» **Directions for this task**:
Starting at the line below that contains "ほのぼのした雰囲気のミドルテンポポップスの未再生の波形" and ending at the line that contains "キャンギャルのお仕事~ローションでぐちょぐちょ~ - 井上英李【騎乗位", retype each line exactly as it stands, but omit the pictures.

START Listed entries

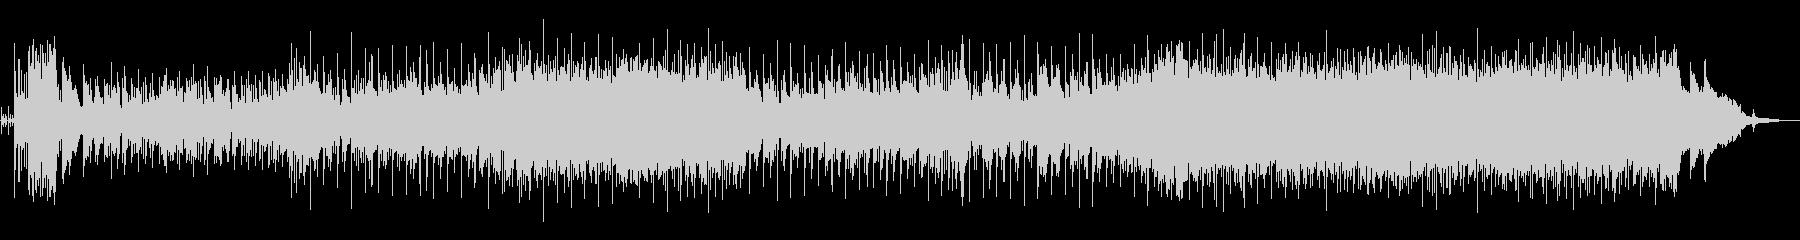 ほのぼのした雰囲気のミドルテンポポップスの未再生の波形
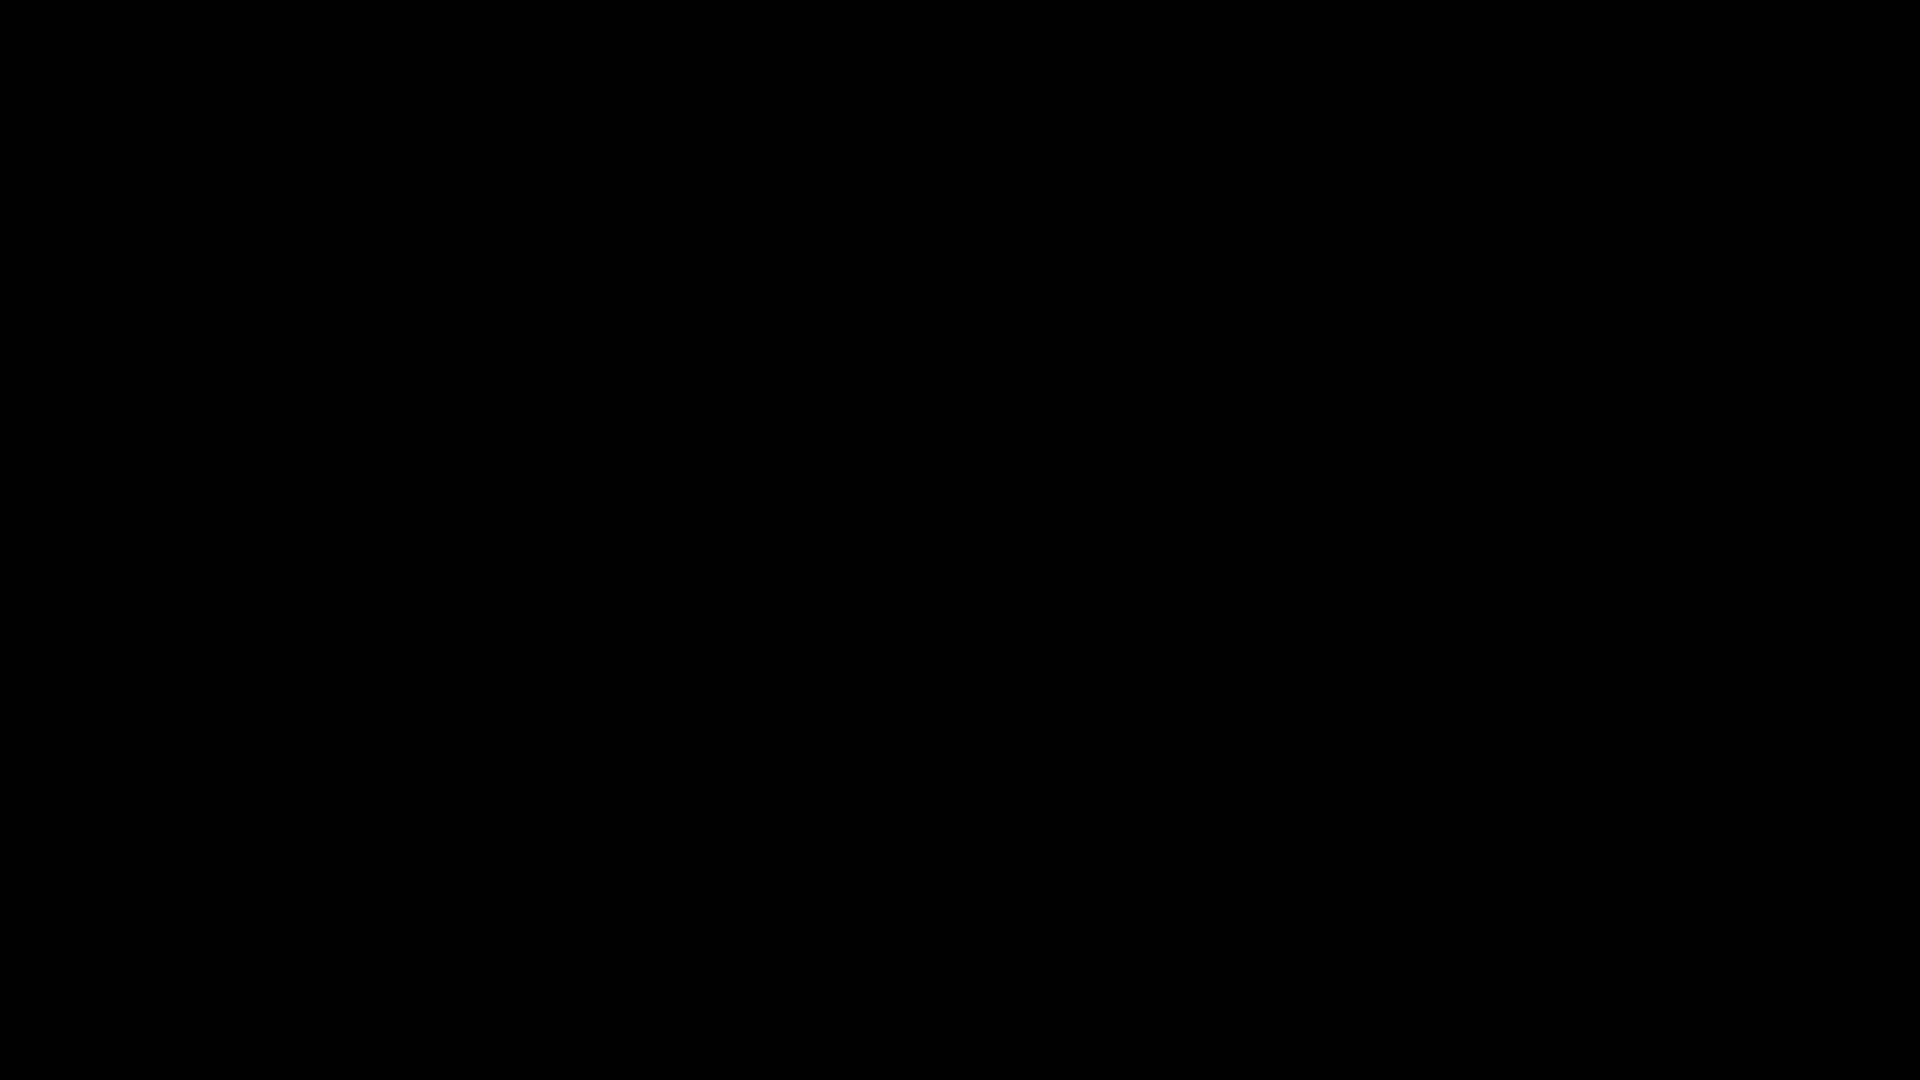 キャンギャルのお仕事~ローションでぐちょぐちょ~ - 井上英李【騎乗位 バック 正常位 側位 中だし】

END Listed entries
START Listed entries

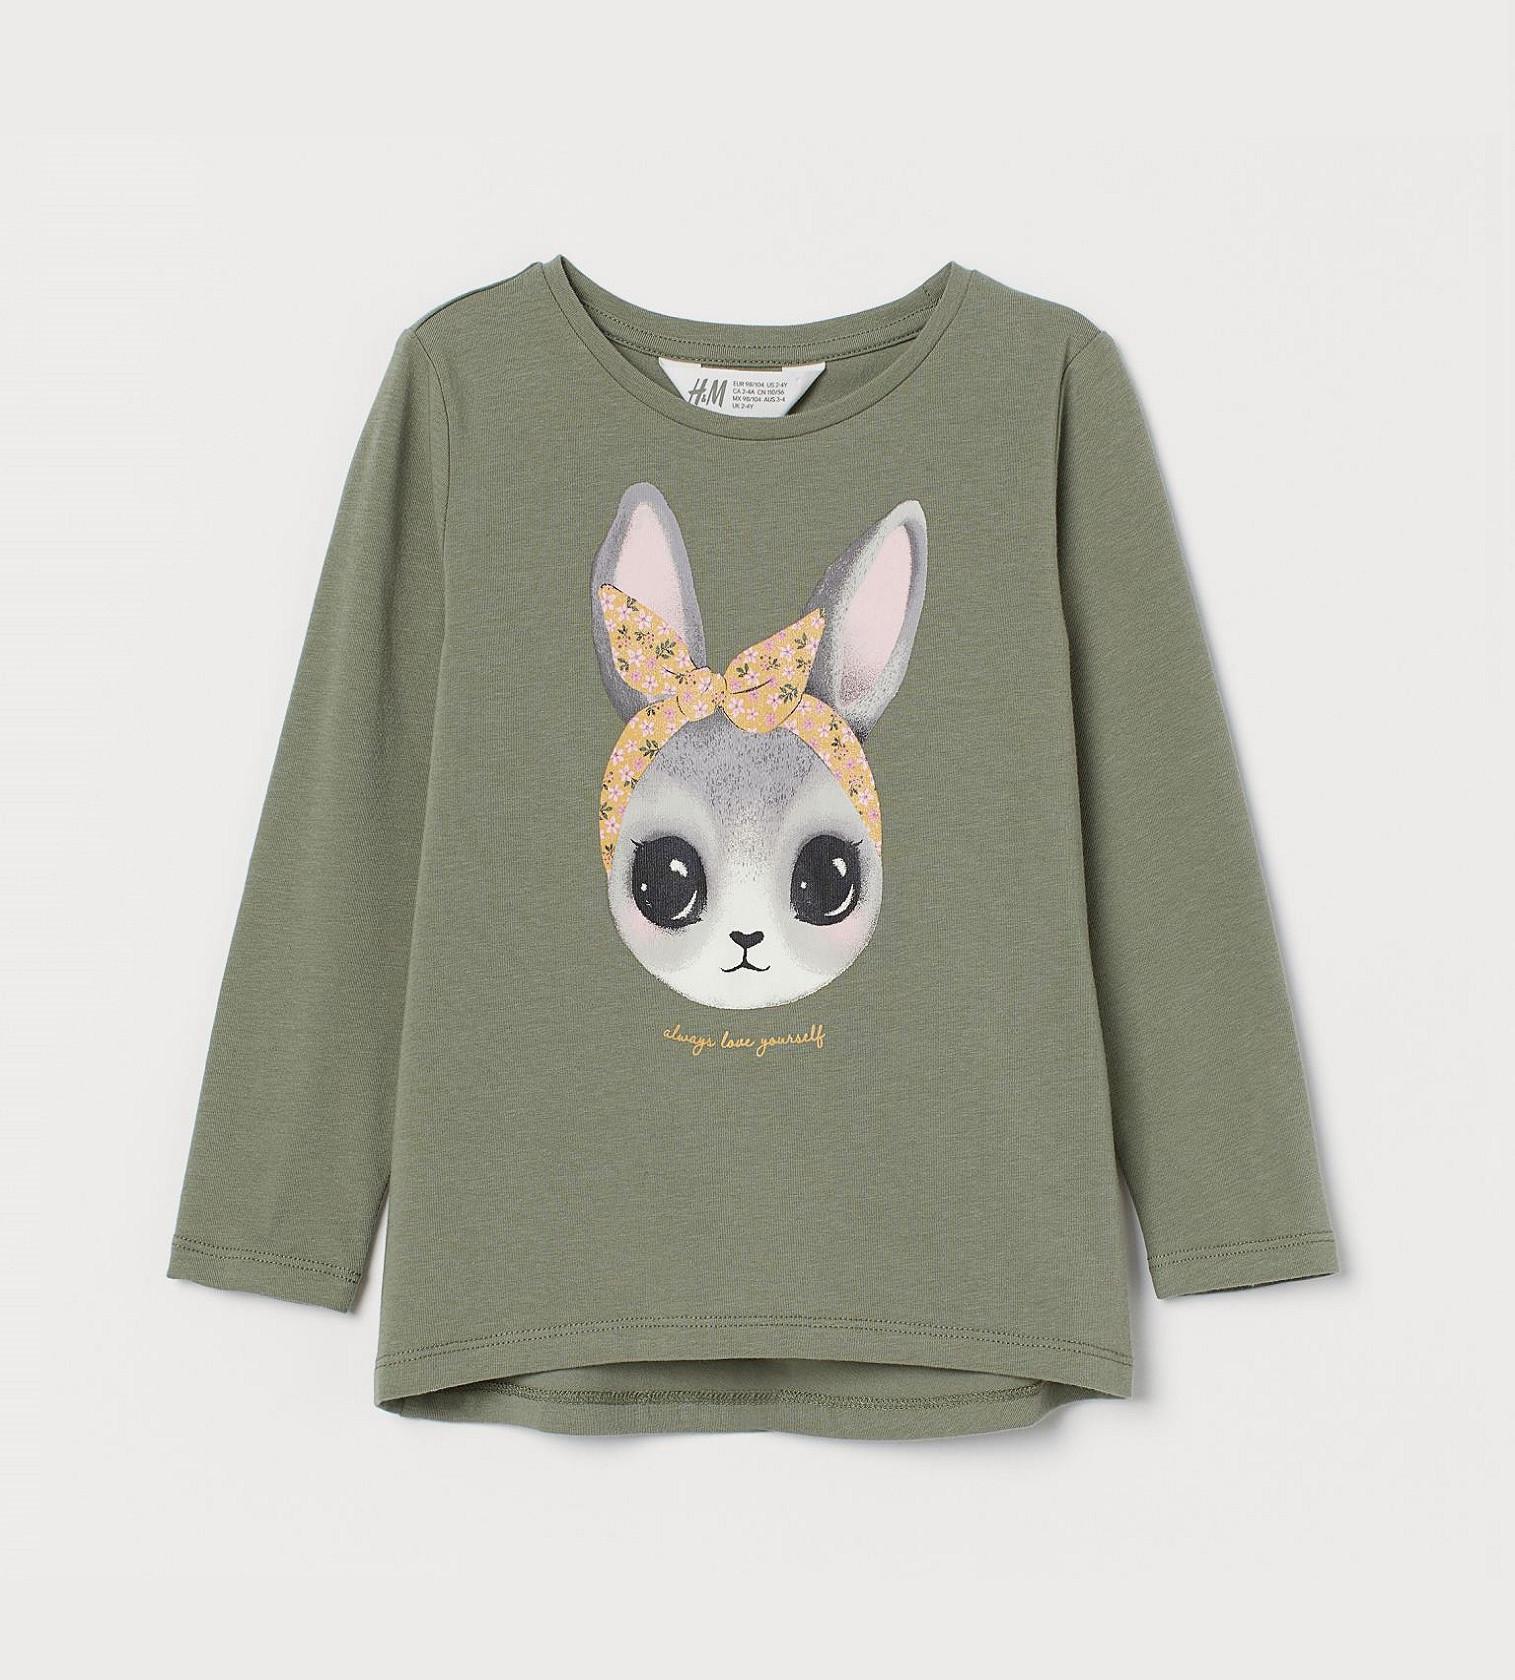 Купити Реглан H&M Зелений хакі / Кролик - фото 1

END Listed entries

» **Response**:
 ほのぼのした雰囲気のミドルテンポポップスの未再生の波形
 キャンギャルのお仕事~ローションでぐちょぐちょ~ - 井上英李【騎乗位 バック 正常位 側位 中だし】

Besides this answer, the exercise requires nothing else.